昨年は平成から令和へ移行したわけですが、振り返ると平成は一貫して戦争の無い平和な時代であった一方、自然災害との闘いの時代でもあったように思います。1995(平成7)年1月に発生した阪神・淡路大震災、2011(平成23)年3月の東日本大震災などの大規模自然災害で多くの尊い命が失われました。かつては、〝災害は忘れた頃にやってくる〟などと言われたものですが、近年は災害の爪痕を打ち消す間もなく次の災害が頻発するという状況です。そして専門家が指摘するところでは、地球温暖化・気候変動によって海水温が上昇し、今後はさらに大型の台風や集中豪雨が起きる可能性があると言われています。
当然、それら自然災害には相応の備えをしなければなりません。そしてその備えはインフラなどのハード面だけではなく、人間の心の備えもまた必要です。

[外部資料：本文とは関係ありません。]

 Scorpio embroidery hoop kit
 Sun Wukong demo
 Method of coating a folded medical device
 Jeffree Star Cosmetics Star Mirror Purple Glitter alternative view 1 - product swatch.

―――物心両面での備えが求められるということですね。
林 はい。例えば台風15号では、千葉県をはじめ関東各地で2000本の電柱が破損・倒壊し、最大約93万戸が長時間にわたり停電を余儀なくされました。停電もこれまでは1~2日程度で復旧するのが通常でしたが、今回はそれが1週間や10日。しかも電気だけでなく水道にまで影響が及ぶなど、日常生活に深刻な支障をきたす大変な事態に発展したわけです。また15号が風台風なら19号は雨台風でした。これにより70を超える河川で決壊や氾濫が起こったのですが、「まさか堤防が決壊するとは思わなかった」という被害住民の声が少なからず寄せられました。やはりインフラに加え心の備えが必要だということが改めて認識されたと言えるでしょう。
―――防災に関するキーワードとして、「国土強靱化」が定着した感があります。
林 「国土強靱化」は、自民党が野党であった2011年10月に、当時、党幹事長代理を務めておられた二階俊博・(現)幹事長のリーダーシップのもとスタートし、今日も推進しているわけです。現在、自然災害が発生するたび、改めて「国土強靱化」があって本当によかった、そしてさらなる推進がいかに大事か、つくづく実感するところです。この「国土強靱化」構想は日本だけでなく世界各地で自然災害の犠牲になった方々の経験を糧に成り立っており、現在は2020年度を目途に3カ年で防災・減災・国土強靭化を進める、総事業費7兆円規模の緊急対策を実施しています。しかし昨年の台風被害等を鑑み、3カ年で終わらせることなくさらに継続して推進する必要があると感じています。
―――世界的に気候が大きく変動する中、こうした日本の災害対策ノウハウを、いずれは各国のモデルケースとする日も来るのでは。